Whether  intentional or not, teaching players to avoid failure through our words, body language or actions, will hamper a players development. Players must understand failure is a necessary part of their improvement process and they will experience  it during the development process. It should not be viewed as making them some how inferior rather it is a sign they are moving in the right direction. 

As Pixar director Andrew Stanton, director of Finding Nemo and WALL-E, describes this way of operating, “My strategy has always been: be wrong as fast as we can. Which basically means, we’re gonna screw up, let’s just admit that. Let’s not be afraid of that. But let’s do it as fast as we can so we can get to the answer. You can’t get to adulthood before you go through puberty. I won’t get it right the first time, but I will get it wrong really soon, really quickly.”

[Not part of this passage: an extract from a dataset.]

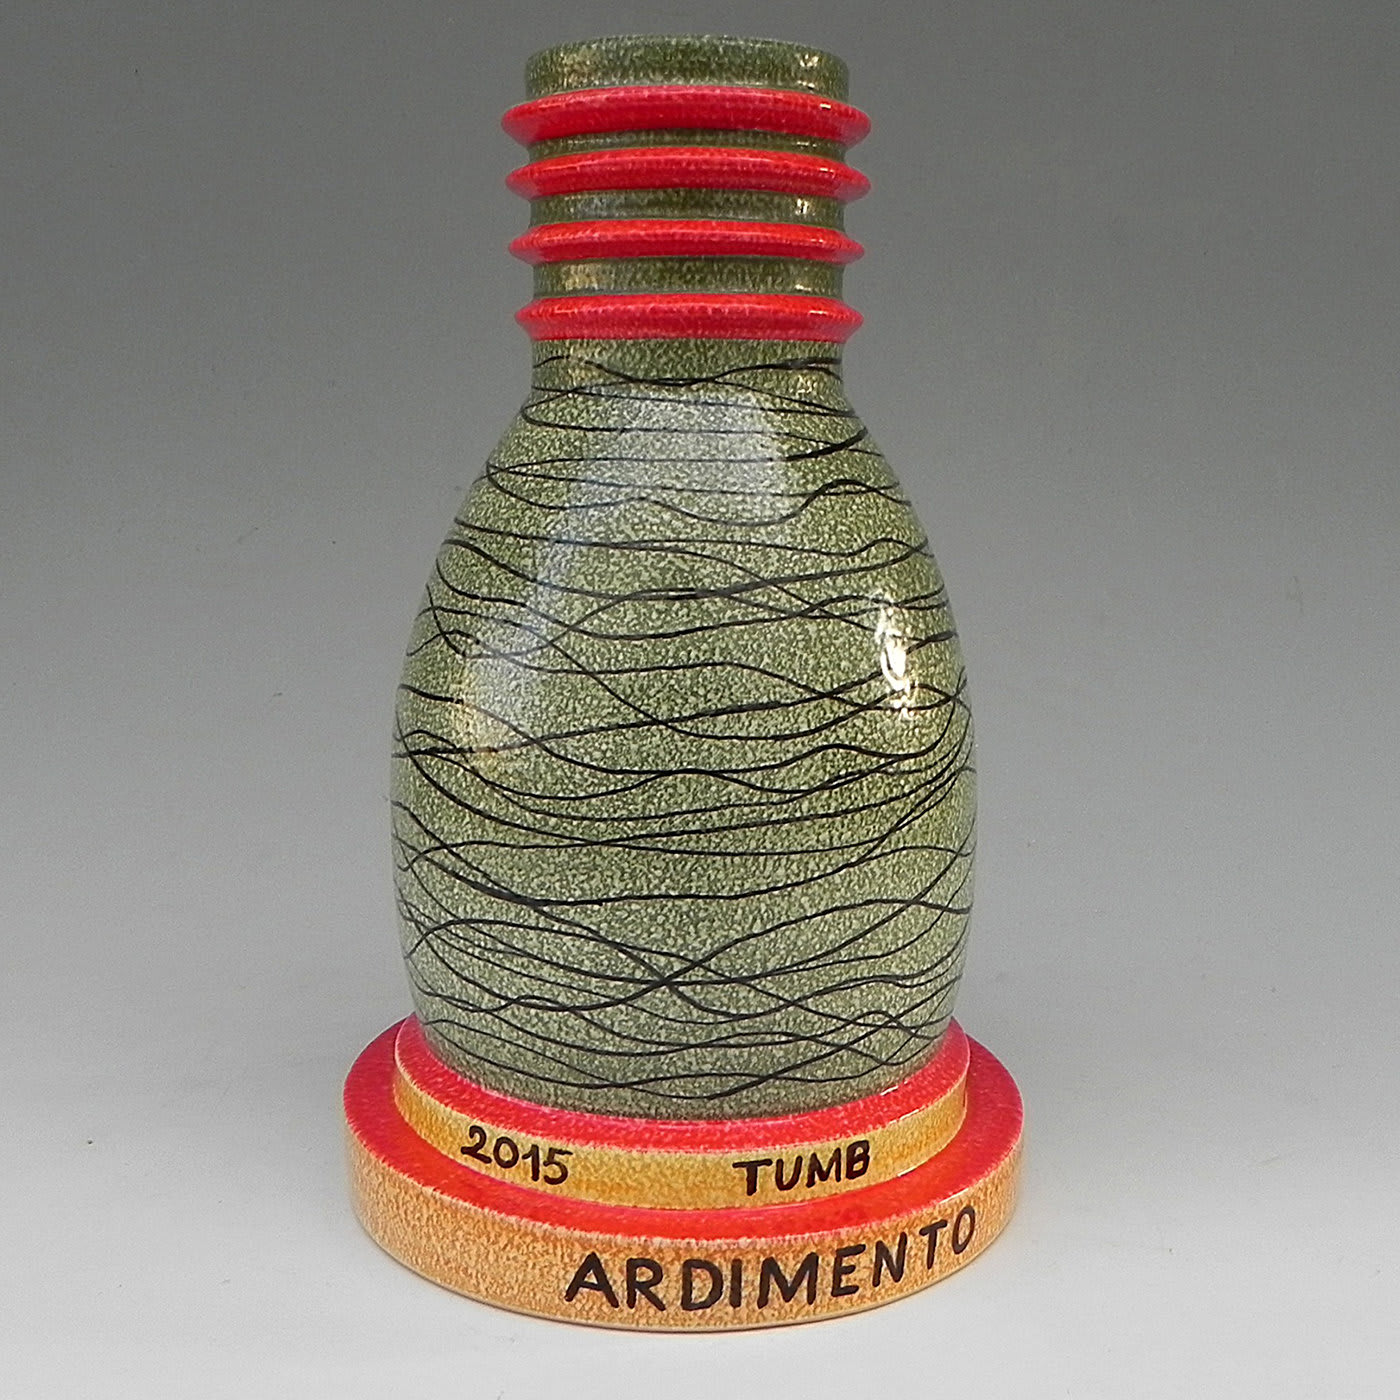 Inquinante Ceramic Vase - Mazzotti 1903

Failing quickly to learn fast is also a central operating principle for seasoned entrepreneurs who routinely describe their approach as failing forward. That is, entrepreneurs push ideas into the market as quickly as possible in order to learn from mistakes and failures that will point the way forward. This is an extremely well-known Silicon Valley operating principle. Howard Schultz’s experience building Starbucks illustrates the point. He and his colleagues had to try hundreds of ideas, on everything from nonstop opera music to baristas wearing bowties, to hundreds of different types of beverages before being able to define the Starbucks experience.

 Sims, Peter (2011-04-19). Little Bets (pp. 52-53). Free Press. Kindle Edition.

Avoidance of failure means avoiding reaching your fullest potential and often times the quickest way to reaching new levels of success is through failing quickly.